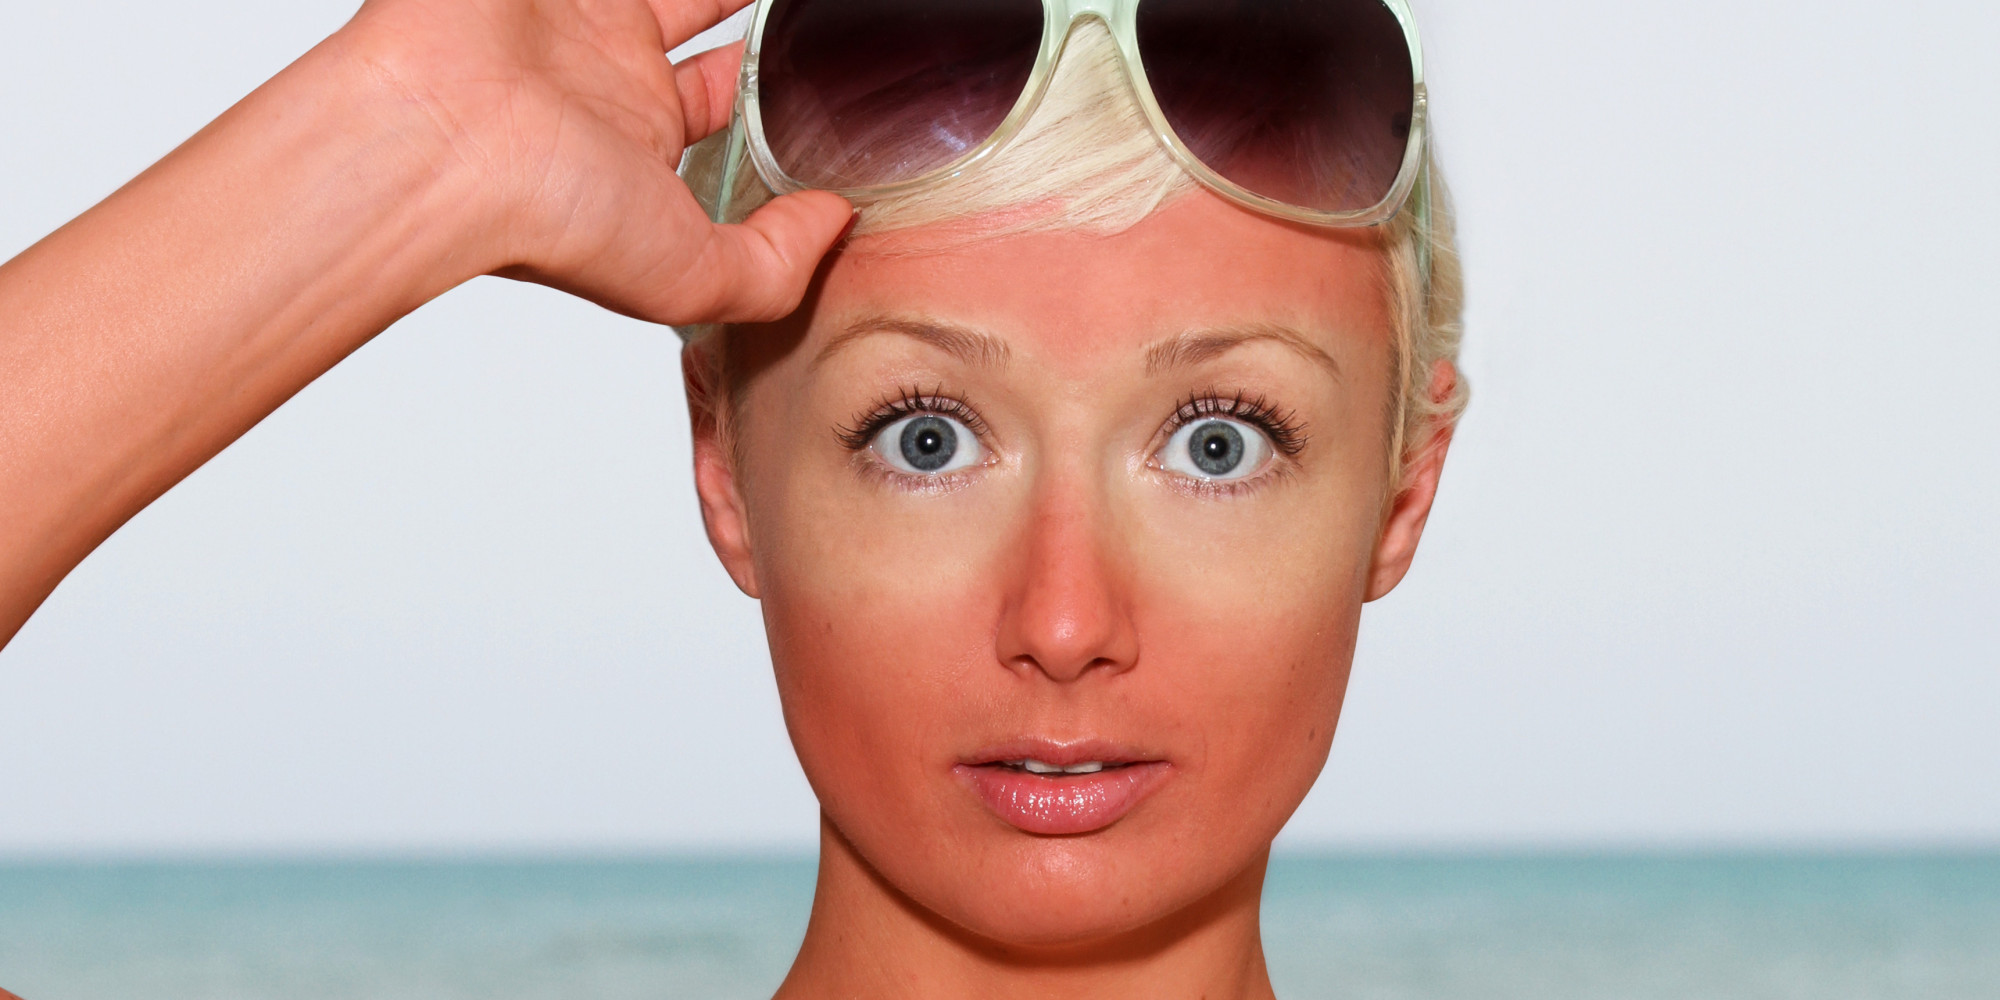 4 nguyên liệu chăm sóc tóc tại nhà, hạn chế ra tiệm mùa COVID-19 1
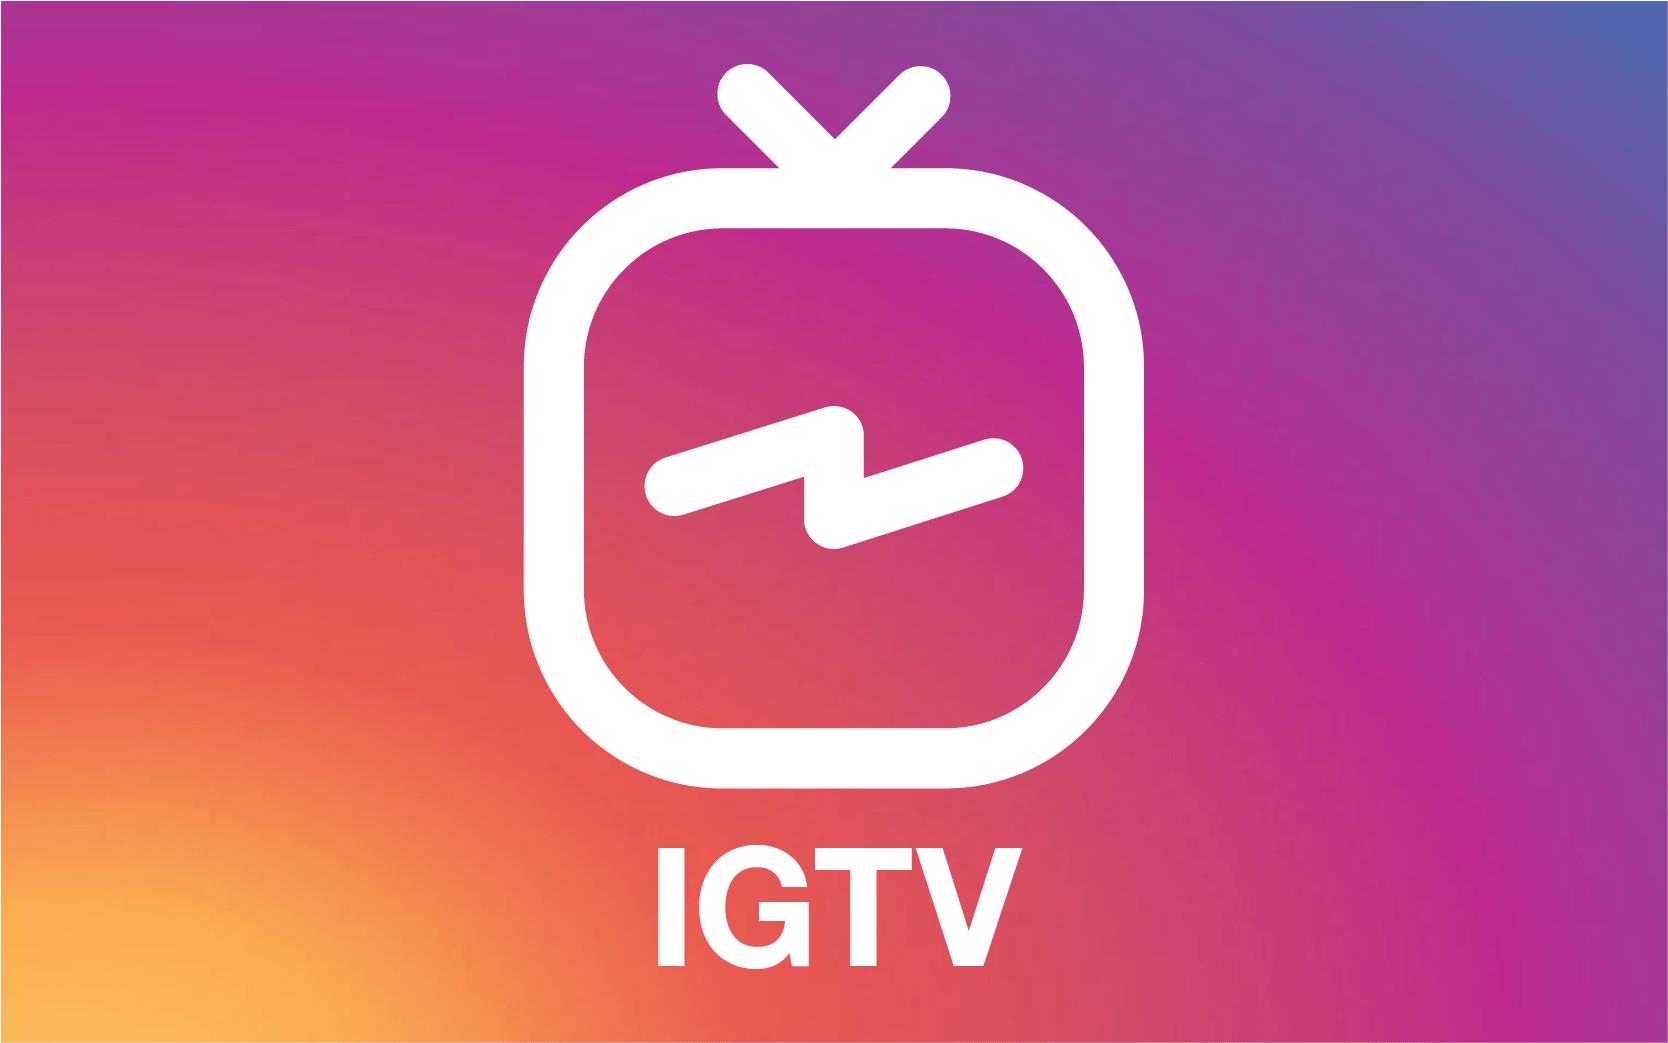 تغییرات جدید در اینستاگرام/ ویدیوهای IGTV حذف می شوند
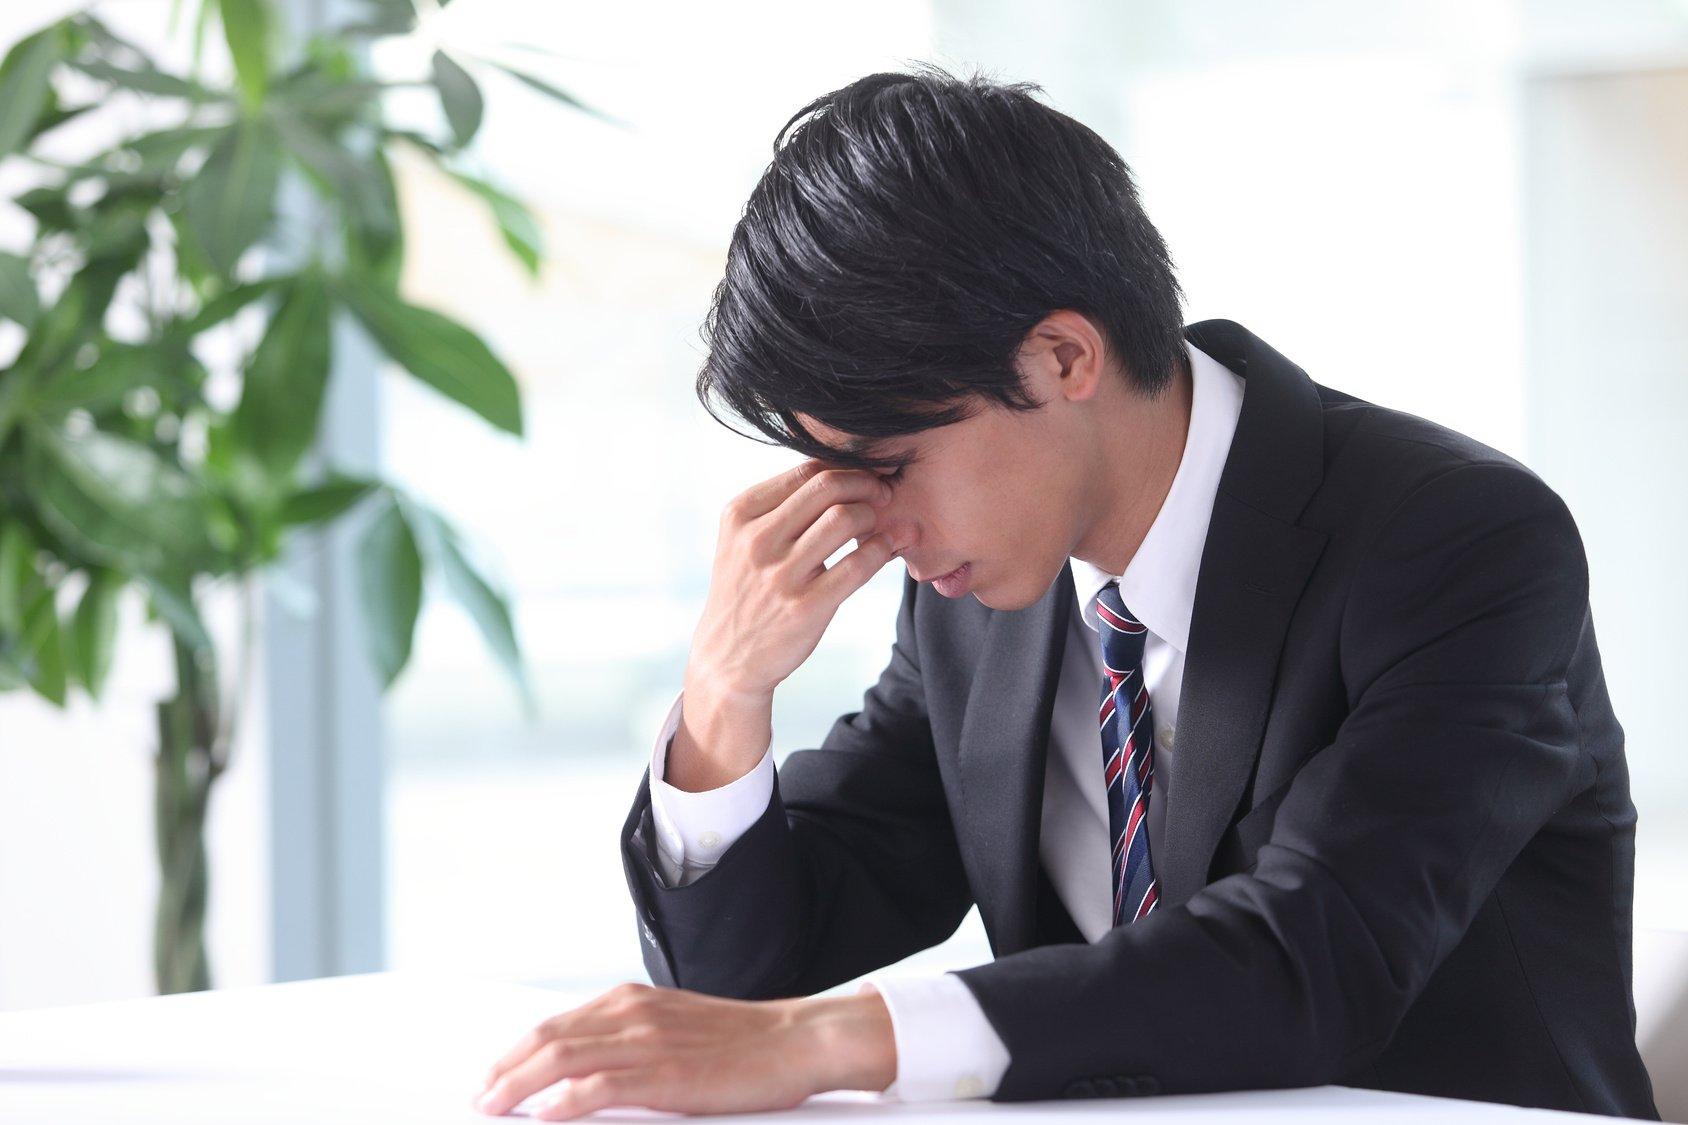 Headaches business man holding head
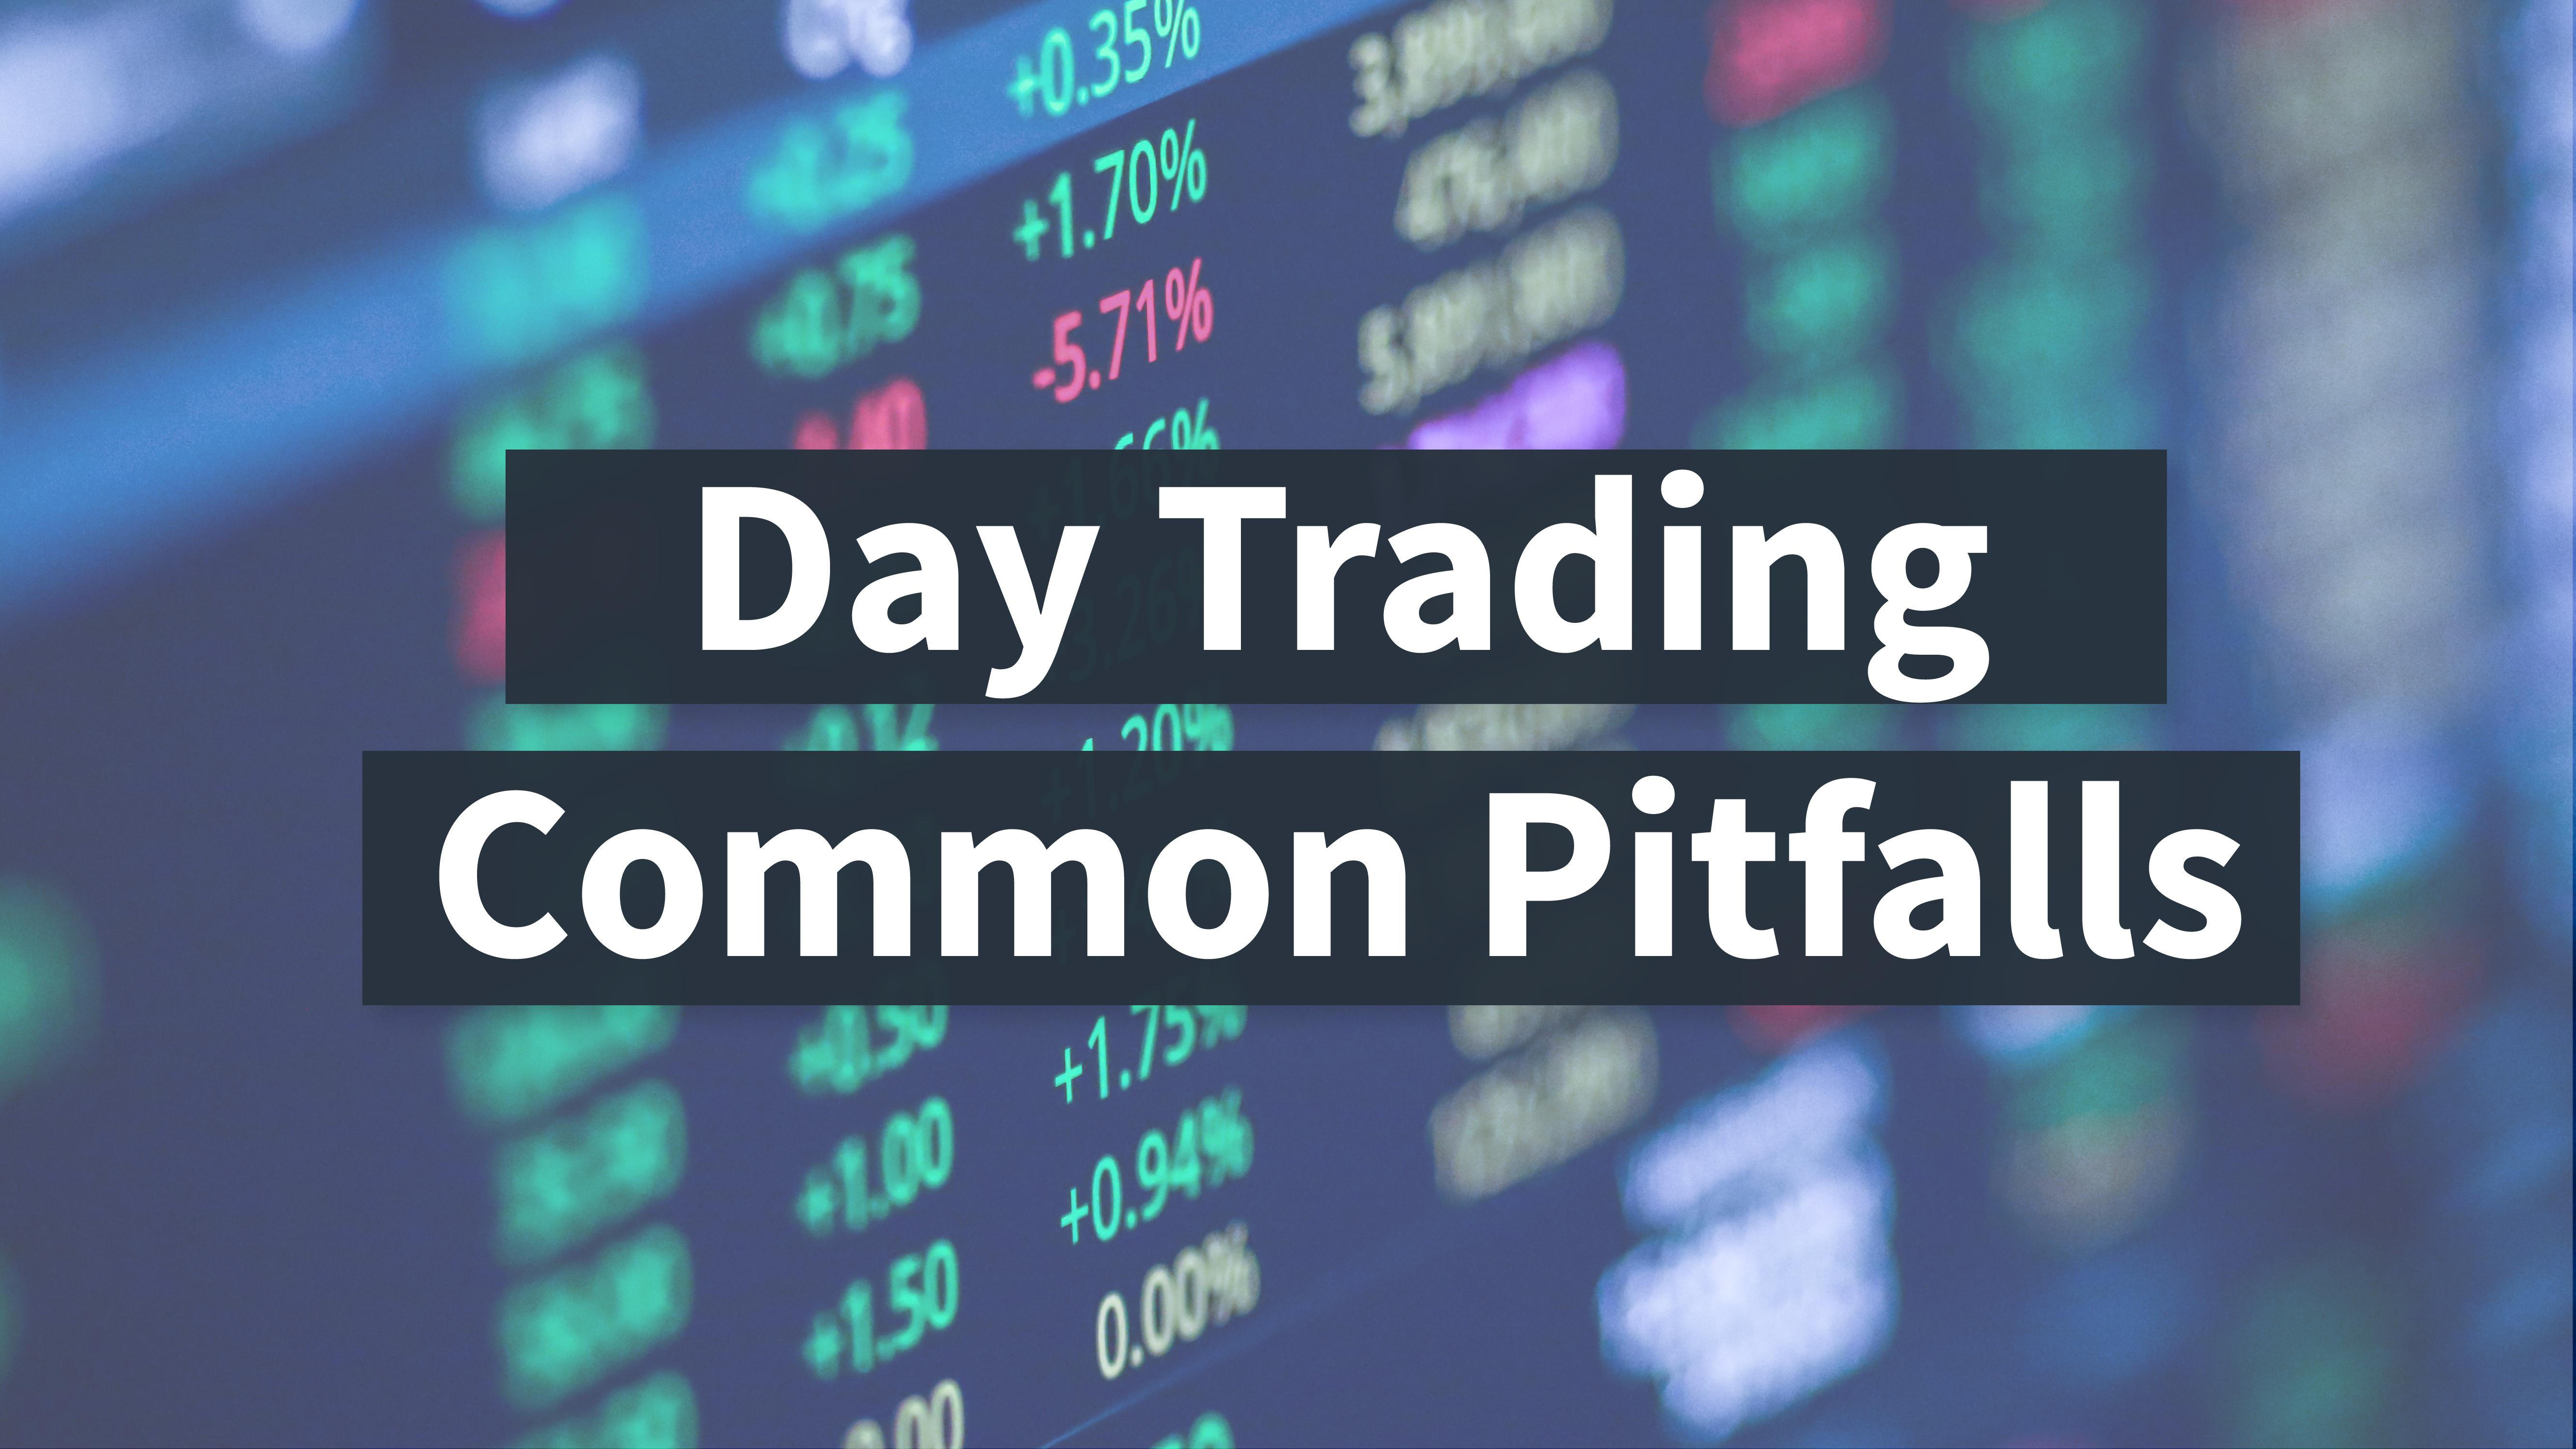 Day Trading Pitfalls
------------
__Exercise directions__
Every line above must appear in the answer unchanged, and no picture may appear in it.

__Exercise answer__
 4 nguyên liệu chăm sóc tóc tại nhà, hạn chế ra tiệm mùa COVID-19 1
 تغییرات جدید در اینستاگرام/ ویدیوهای IGTV حذف می شوند
 Headaches business man holding head
 Day Trading Pitfalls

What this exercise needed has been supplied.